__Supplied data__
☆ ☆ ☆ ☆ ☆ ☆ ☆

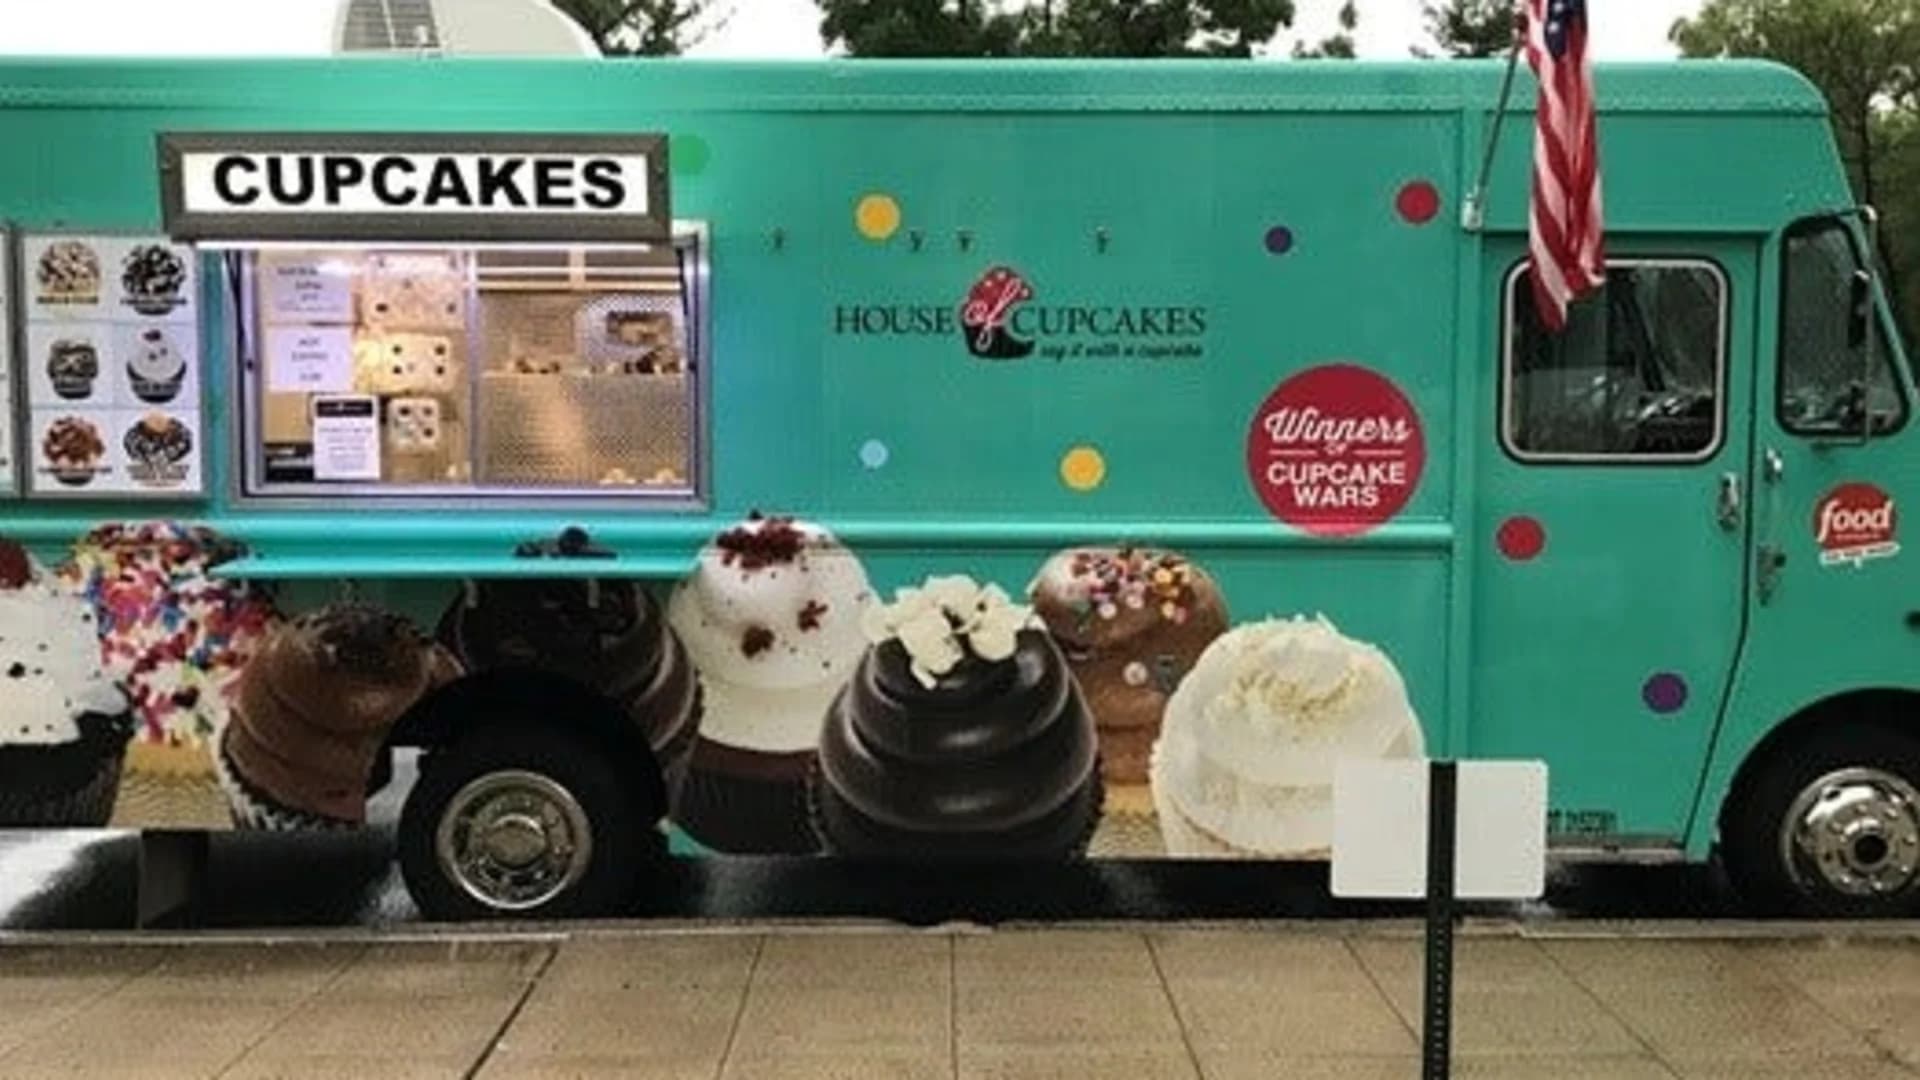 Food Truck Friday: House of Cupcakes
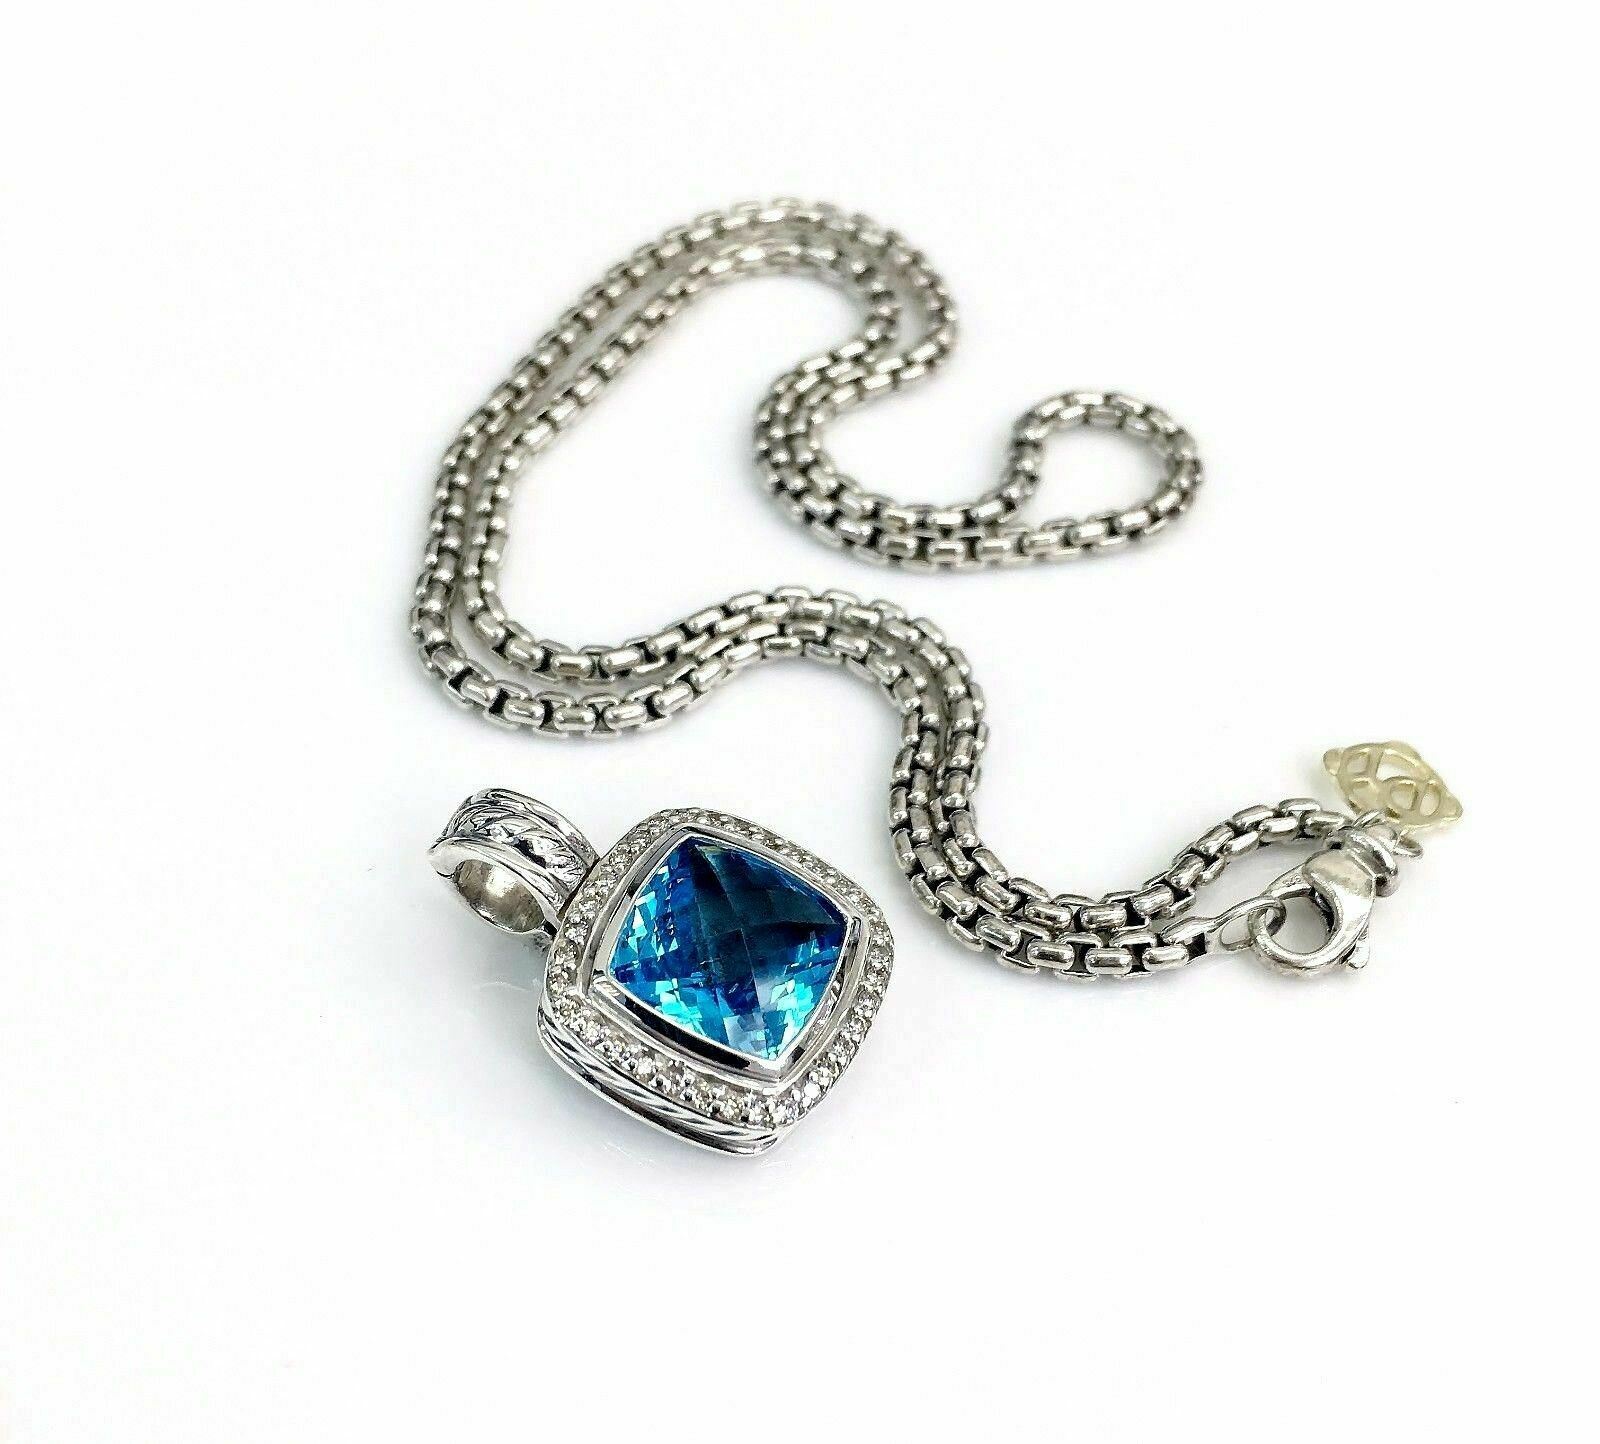 David Yurman Albion Diamond and Topaz Pendant with DY 14K and Sterlin Chain 16in
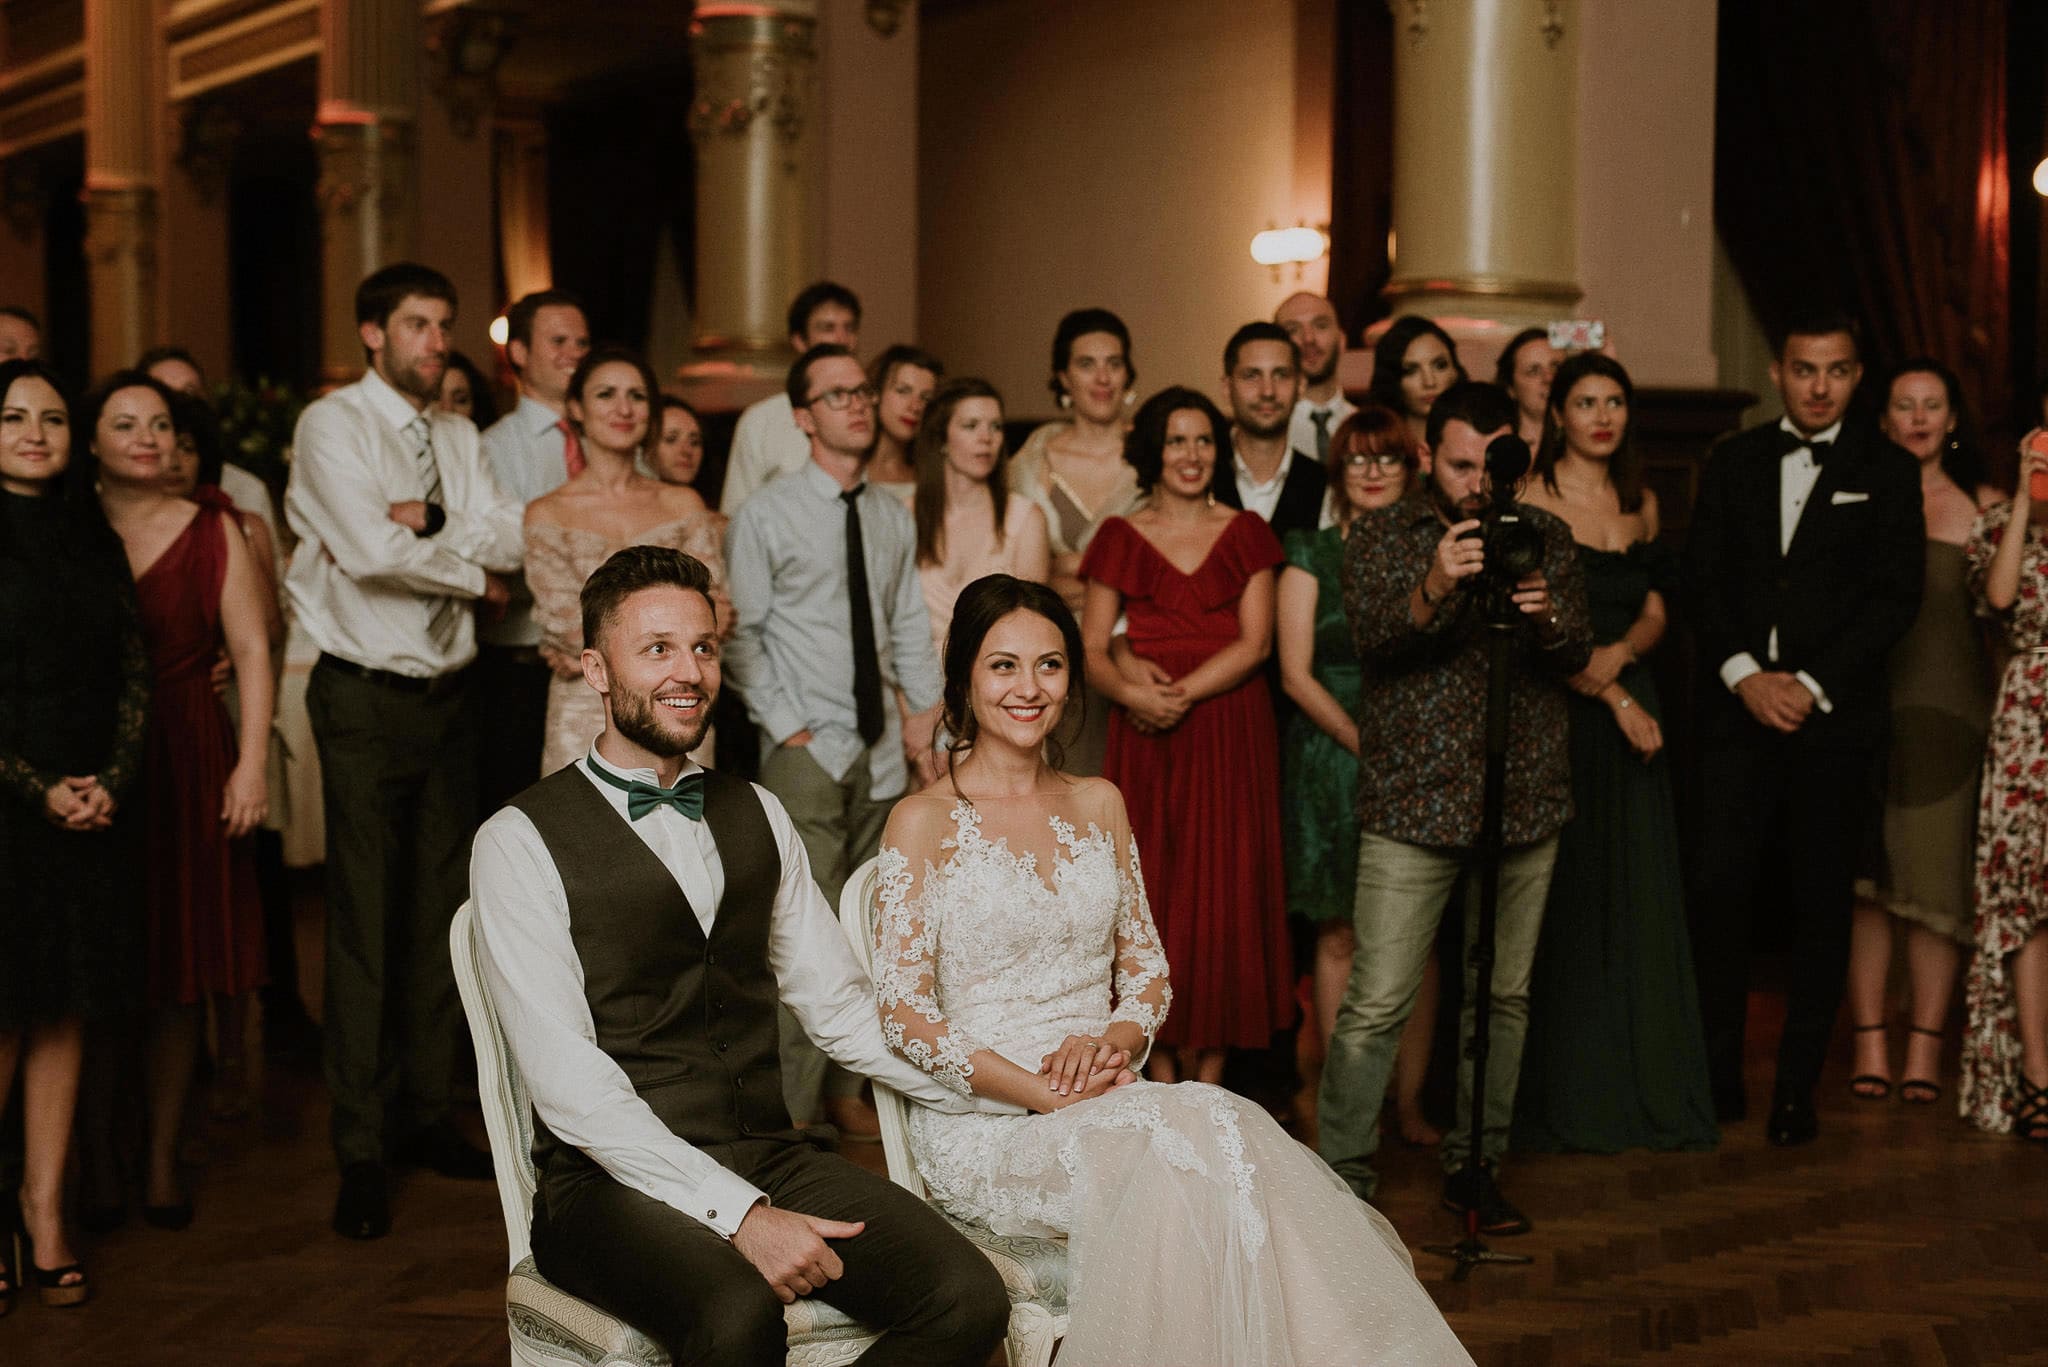 the wedding couple and their guests watch a video during a fun game

☆ ☆ ☆ ☆ ☆ ☆ ☆

__Problem details__
Going from the line that holds "David Yurman Albion" to the end of the listing above, copy each line exactly and nothing more, leaving pictures aside.

__Your response__
 David Yurman Albion Diamond and Topaz Pendant with DY 14K and Sterlin Chain 16in
 the wedding couple and their guests watch a video during a fun game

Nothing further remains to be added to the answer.